Comparison between maps of integrated intensity (left) and iso-velocity (right) from ALMA observations and the geometrical model presented in the text. For each comparison, the top panels represent the ALMA observations and the bottom panels represent the model. Each comparison uses the same velocity interval and contour levels as in Fig. 3 (integrated maps) and Fig. 8 (iso-velocity maps).

Despite the above limitation, it seems clear from the model that the kinematics of the CO-emitting gas is dominated by the motions of lateral expansion along the shells. We can therefore use the model fit to constrain the main properties of these motions. An important constraint from the model is the need for the gas velocity to increase in magnitude with distance from the jet axis (Appendix B). This linear velocity gradient could arise from different physical processes.

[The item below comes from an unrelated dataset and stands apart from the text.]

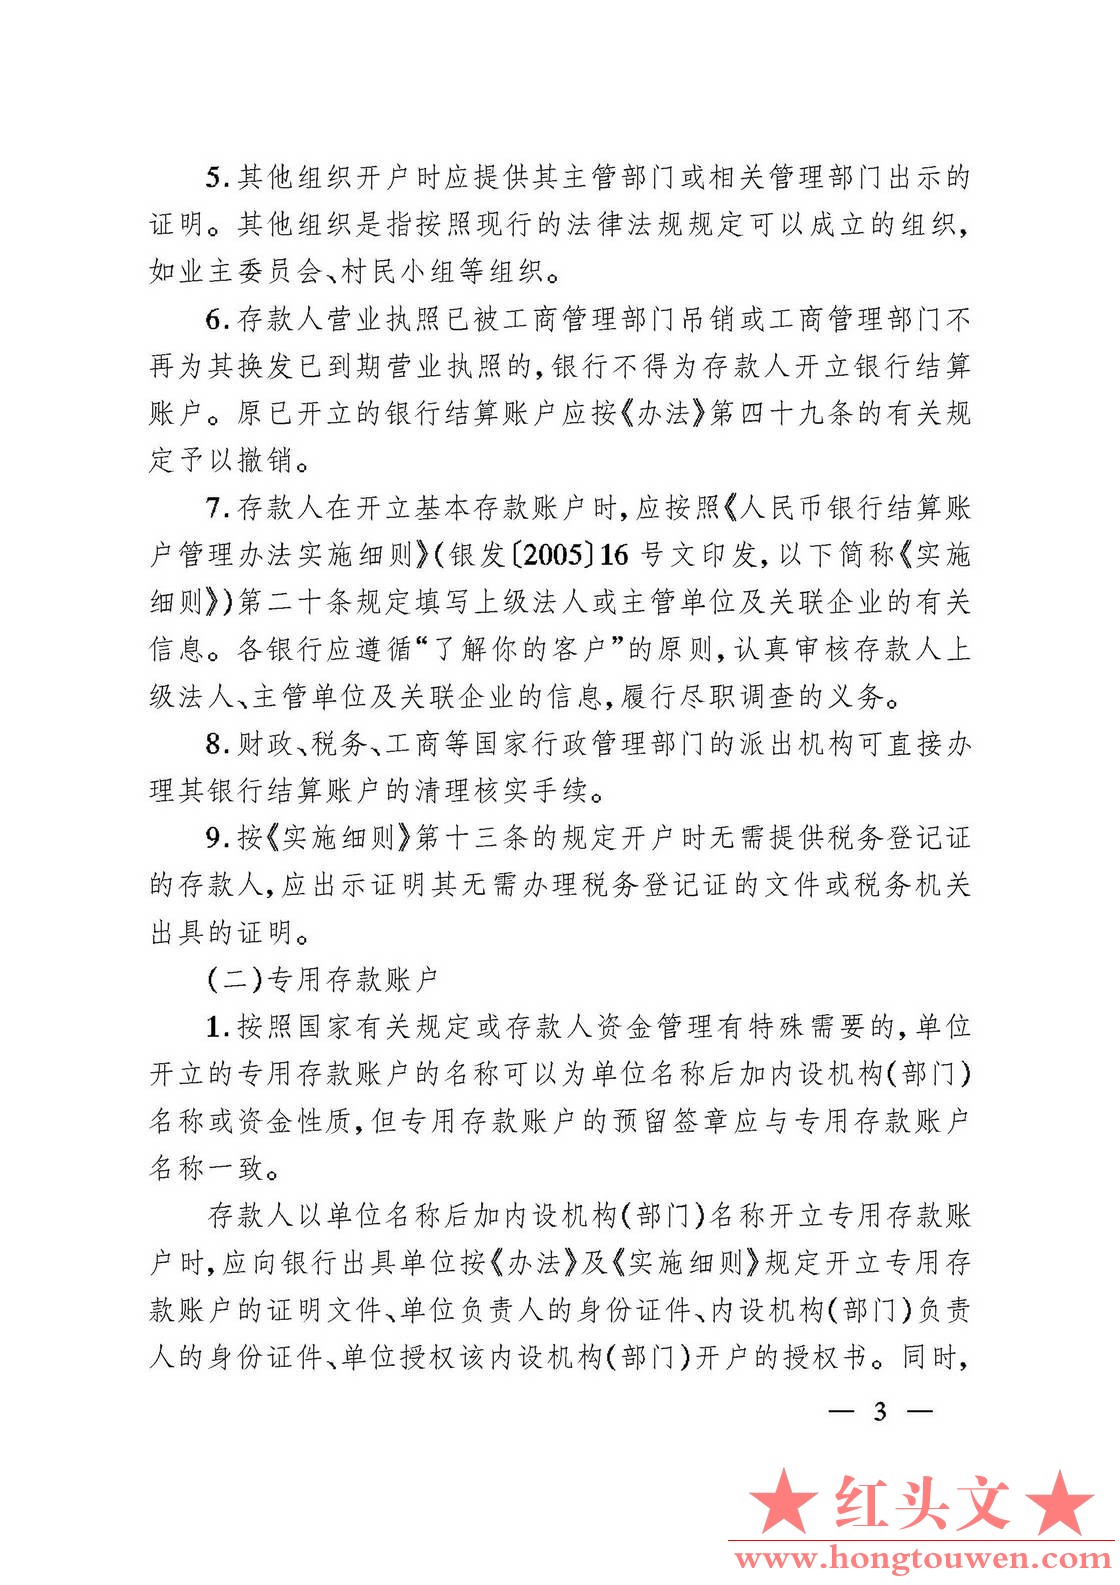 银发[2006]71号-中国人民银行关于规范人民币银行结算账户管理有关问题的通知_页面_03..jpg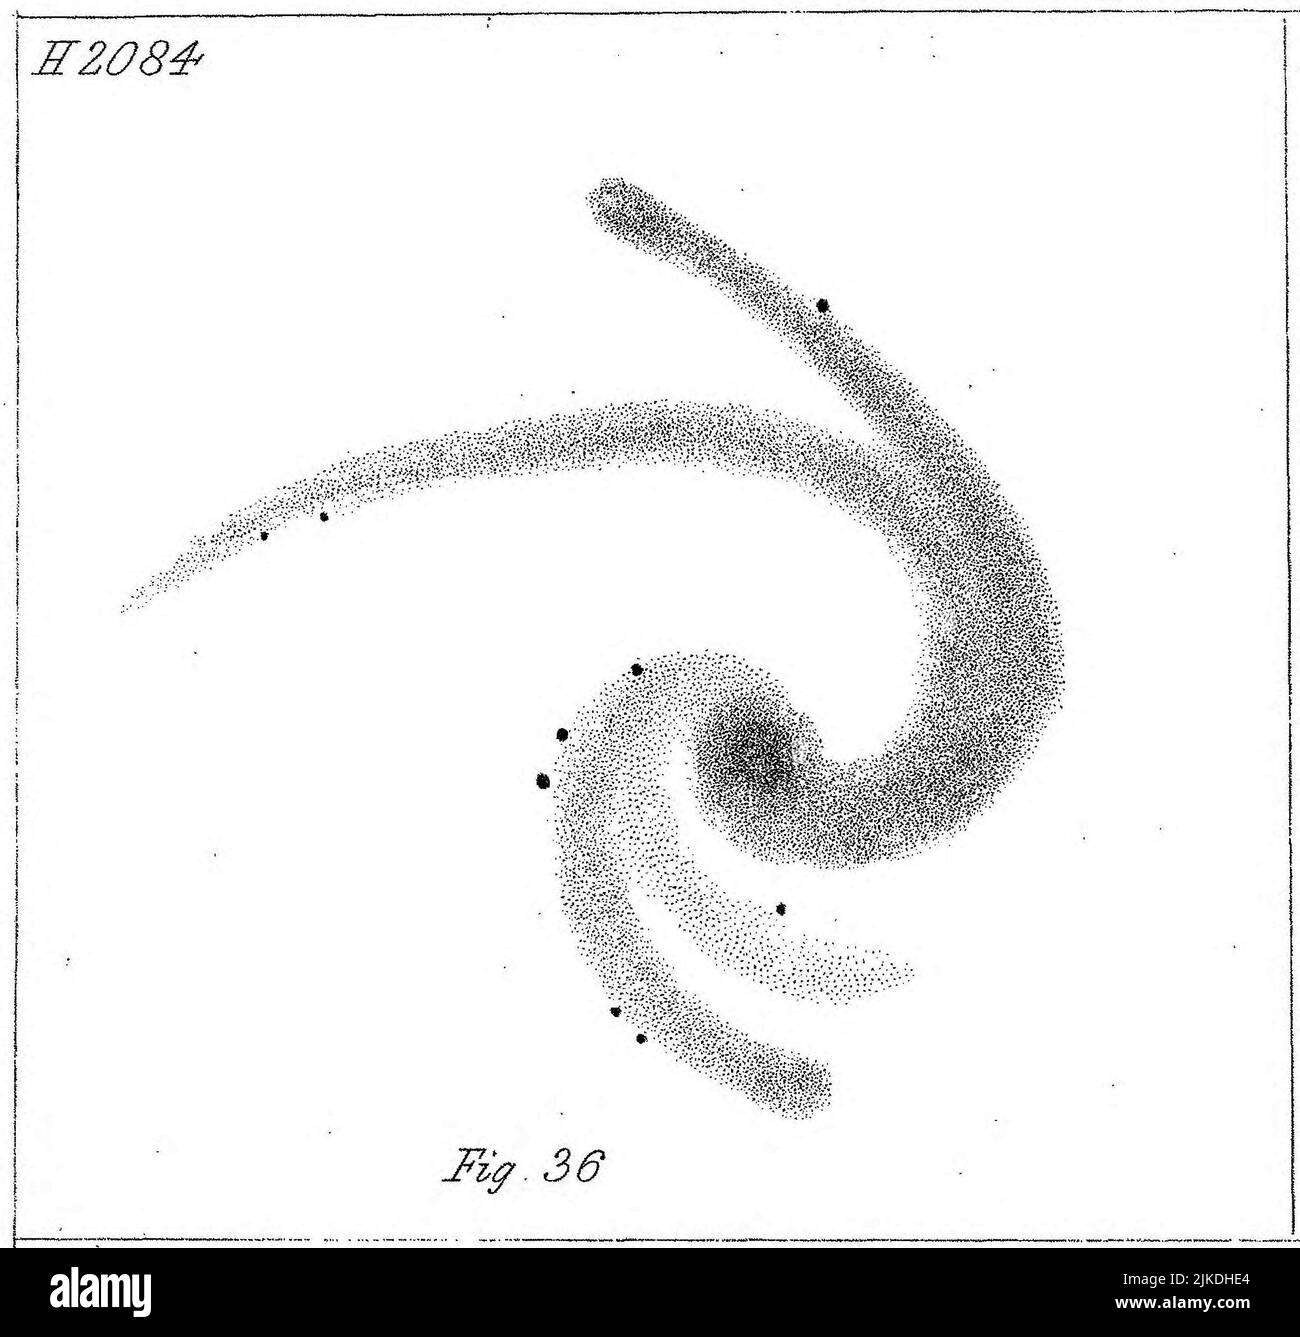 Illustration observation de la nébuleuse par Lord Rosse dans la publication de 1861. Herschel H2084, NGC6946. Banque D'Images

One possibility is that the strength of the jet shock has decreased systematically with time, and that the linear velocity gradient reflects this gradual shock weakening. Both numerical and analytic models of pulsating jets with sinusoidal velocity oscillations show that the strength of the shock is highest at early times, since the original sinusoidal velocity oscillation quickly steepens into a saw-toothed profile that makes the fastest jet gas encounter the slowest gas from the previous cycle, producing the strongest possible shock (Kofman & Raga 1992; Stone & Norman 1993; Smith et al. 1997; Suttner et al. 1997). As time progresses, the relative velocity between the incoming and trailing parts of the jet decreases, and so does the strength of the shock. This decrease is approximately linear, as shown by the analytic model of Kofman & Raga (1992, see their Fig. 2).

An alternative interpretation of the linear velocity gradient is that it is the result of a single shock event that generated gas moving at multiple expansion velocities. In this case, the expanding material would naturally sort itself spatially because each gas parcel would move away from the jet axis proportionally to its expansion velocity. To test the consistency of this interpretation, we estimate the time since the shock event took place by dividing the maximum displacement of the gas from the jet axis (11′′) by the largest estimated gas velocity (13 km s-1). The result is approximately 550 yr, which is lower than the estimated travel time of the jet gas from the protostar (900 yr). This means that an explosive event could have occurred during the flight time of the jet material and, therefore, that the interpretation as a single internal shock event is consistent with the rest of jet properties.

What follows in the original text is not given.